Cloë Atkinson is managing director at Mortgage Engine

To say it’s been a strange year would be an understatement. Since March, thousands of workers have been furloughed or made redundant, many businesses have been forced to close – some for good – and the country faces additional uncertainty following the UK’s exit from the EU’s single market.

Looking at these factors alone, you would be forgiven for assuming the housing market would be in peril too. Not necessarily so.

Over the summer, house sales rocketed reaching record levels of activity and boosting prices. While it might seem unimaginable for the market to boom through a crisis, even after it endured a six-week closure at the start of the pandemic, government intervention such as the stamp duty holiday has been a key driver.

With an economic fallout and a housing boom running in parallel, a concerning trend is starting to emerge – the mortgage market is being split into two camps, between ‘secure’ and ‘insecure’ borrowers.

Secure borrowers are those who have been able to capitalise on the stamp duty holiday and can be seen as the primary drivers of the present activity rates; buy-to-let sales, for instance, have been pushed to a four year high as landlords have still been able to cash in on the tax break, despite continuing to pay a 3% surcharge on second homes.
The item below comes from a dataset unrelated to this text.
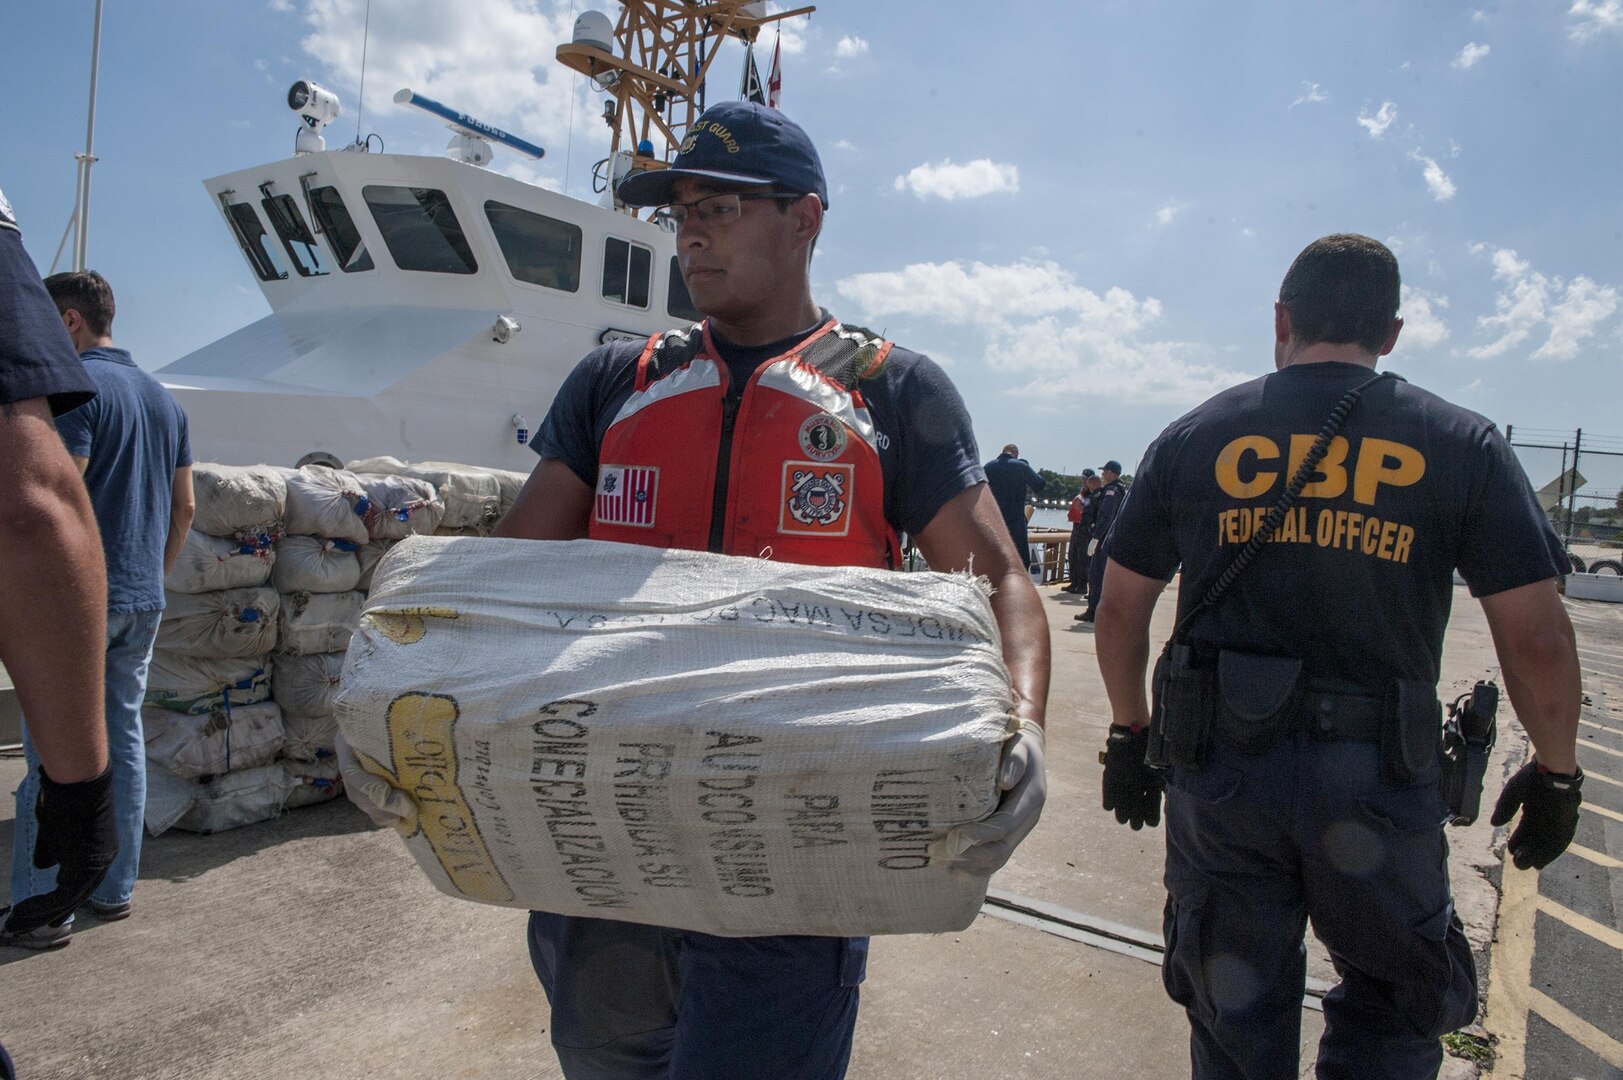 A crew member from Coast Guard Cutter Tarpon, an 87-foot Coast Patrol Boat homeported in St. Petersburg, Florida, and his crew offload 1,735 kilograms of cocaine, an estimated wholesale value of $56 million, Wednesday, May 3, 2017 at Coast Guard Sector St. Petersburg, Florida. The contraband was interdicted during four separate cases supporting Operation Martillo, a joint interagency and multi-national collaborative effort among 14 Western Hemisphere and European nations to stop the flow of illicit cargo by Transnational Criminal Organizations. (U.S. Coast Guard photo by Petty Officer 1st Class Michael De Nyse)

However, the other camp is made up of ‘insecure’ borrowers, whose finances have borne the brunt of the pandemic’s economic impact and who might now need greater support from brokers.

The split has sent brokers’ client management time through the roof, as they seek to cope with the demands of both camps. While this may not be entirely beyond capabilities for all advisers, for many it’s a matter of treading water rather than smooth sailing. This is an issue that needs addressing quickly – and that’s why brokers must look to technology to help manage the tide.

Finding time in technology

If 2020 was the year the mortgage industry came to realise the benefits of technology, 2021 should be the year in which they fully embrace it. While existing technology such as video conference platforms have been crucial to keeping operations running, new technology can enable brokerages to build better ways of working.

Developments such as two-way open application programming interfaces (APIs) are enabling advice firms to speed up and simplify the mortgage application process, which is also promising great benefits for their clients.

One way APIs work is by enabling the seamless flow of information between the system of brokers’ and that of lenders, or multiple lenders, through a plug-like connection. This has the potential to make the application process significantly quicker for all parties involved. Why?

Because as a result, brokers can receive decision in principles (DIP) in seconds, with the case automatically populating the full mortgage application (FMA) if the response is positive. This makes rekeying data unnecessary and gives brokers back that essential time needed to manage client demands. APIs also enable automated tracking that sends updates direct to brokers own platforms, doing away with the need to spend timing checking individual cases.

Technology like this can put brokers in the driving seat. Today’s market is defined by uncertainty and with the furlough scheme and the stamp duty holiday set to end in March, demand for advice among consumers will only rise further. To get to grips with this, brokers must embrace technology – or risk sinking.